Wendy thinks about Karen. Unsurprisingly she is front-page news the world over; a medical oddity, a feature-section story, tabloid grist. Yet the only photo the media have is Karen’s old graduation photo. The media have been unable to snap a new picture of Karen; such a photo has become the golden fleece of journalism. There have been attempts to bribe relatives—Wendy herself was approached by a French photographer, Linus by the Germans. Such cheek. And to think that Karen never wanted to be photographed even at the best of times—it would be too cruel to exhibit her in such a frail, emaciated state.
Friends and family want to protect Karen and her innocence from the modern world, the changes that have occurred since her sleep began.
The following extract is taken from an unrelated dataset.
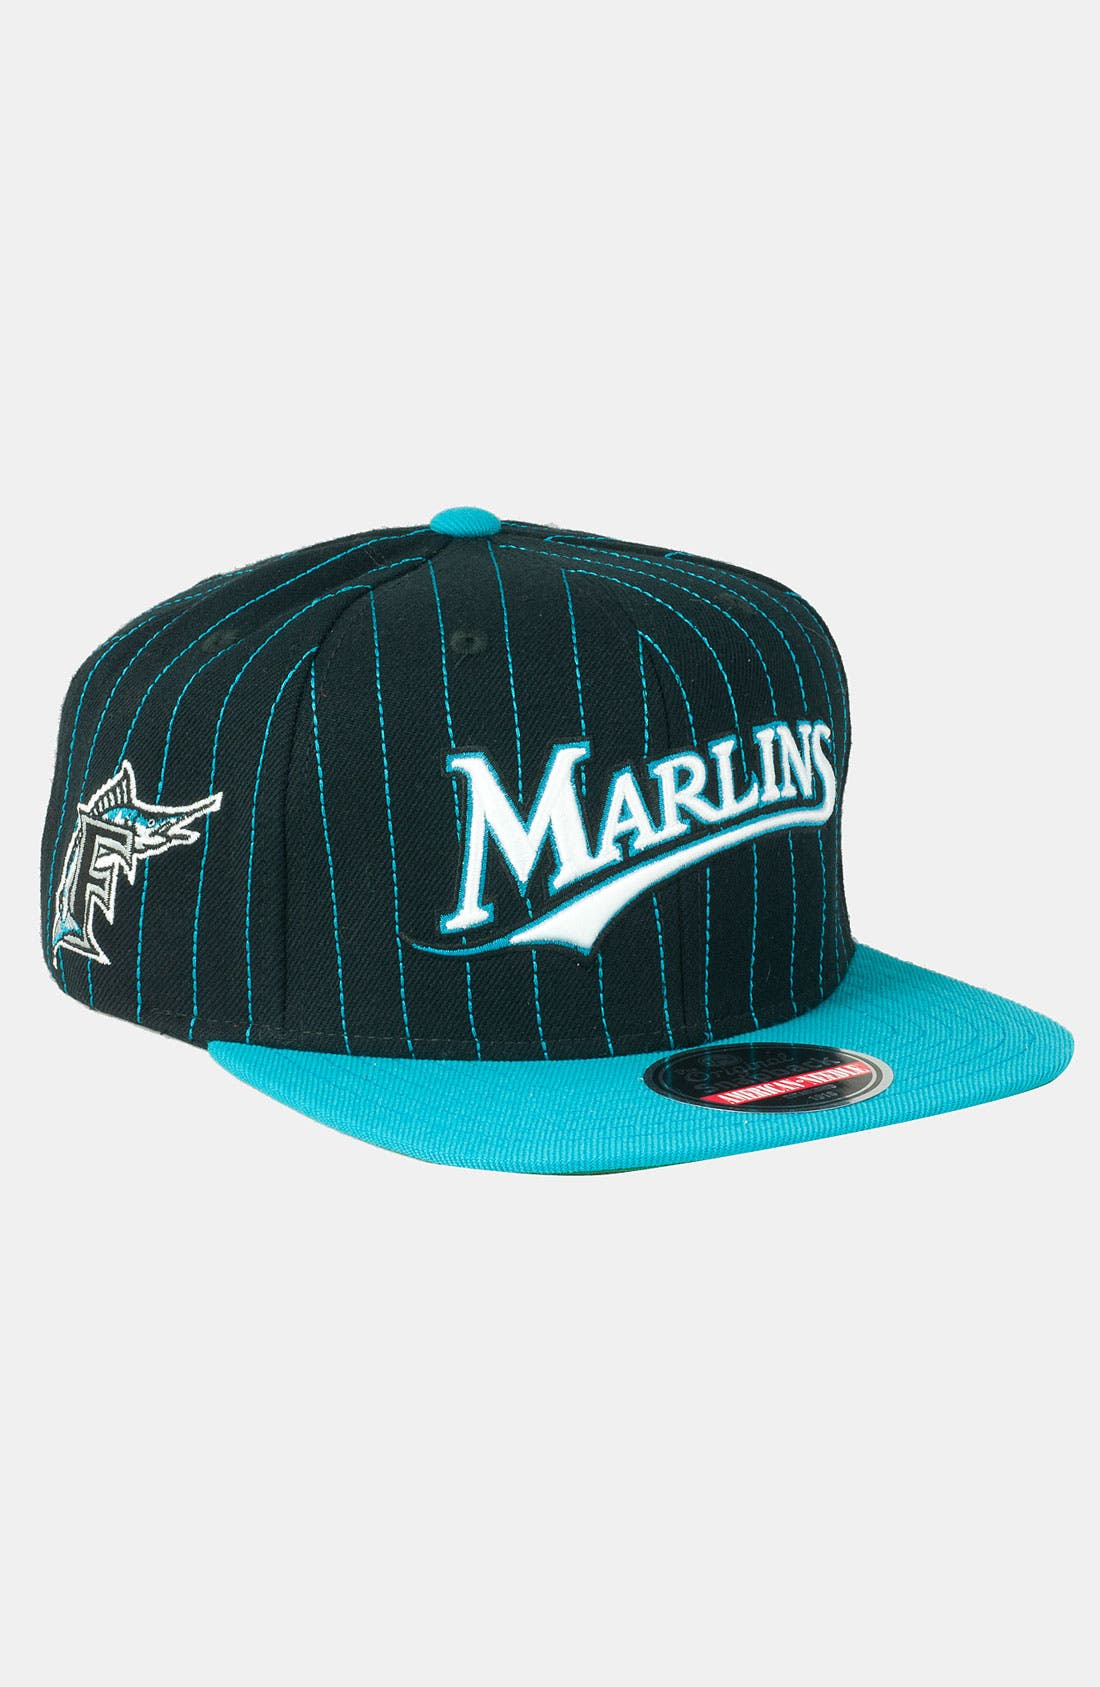 Alternate Image 1 Selected - American Needle 'Marlins' Snapback Baseball Cap

Her innocence is the benchmark of their jadedness and corruption. The world is hard now. The world doesn’t like simplicity or relaxation.
The world also wants photos of Megan—the girl who met her dead mother. Dozens of photos of Megan abound, courtesy of her schoolmates. She is the “Lost Child,” the “Child of Corpse Born.”
In particular, the U.S. news networks have been fearsome in demanding interviews at top dollar and wide exposure. “Maybe in the future, Richard, but not now.” What Karen doesn’t tell Richard is that she feels the onset of some previously withheld news on the brink of making itself clear. From where? What? A message from the other side—from the place she went to for all those years. She needs to wait for the right moment to use it correctly.
18
EXTREME BODY FAILURE
Less than two weeks after awakening, Karen is taken home to Rabbit Lane. She has gained two more pounds; Lois changes her diapers and inspects her waste as though Karen were a Chinese Empress, reading meaning into her waste’s patterns like tea leaves on a cup’s bottom. “Mom, do that somewhere else, pleeeze.”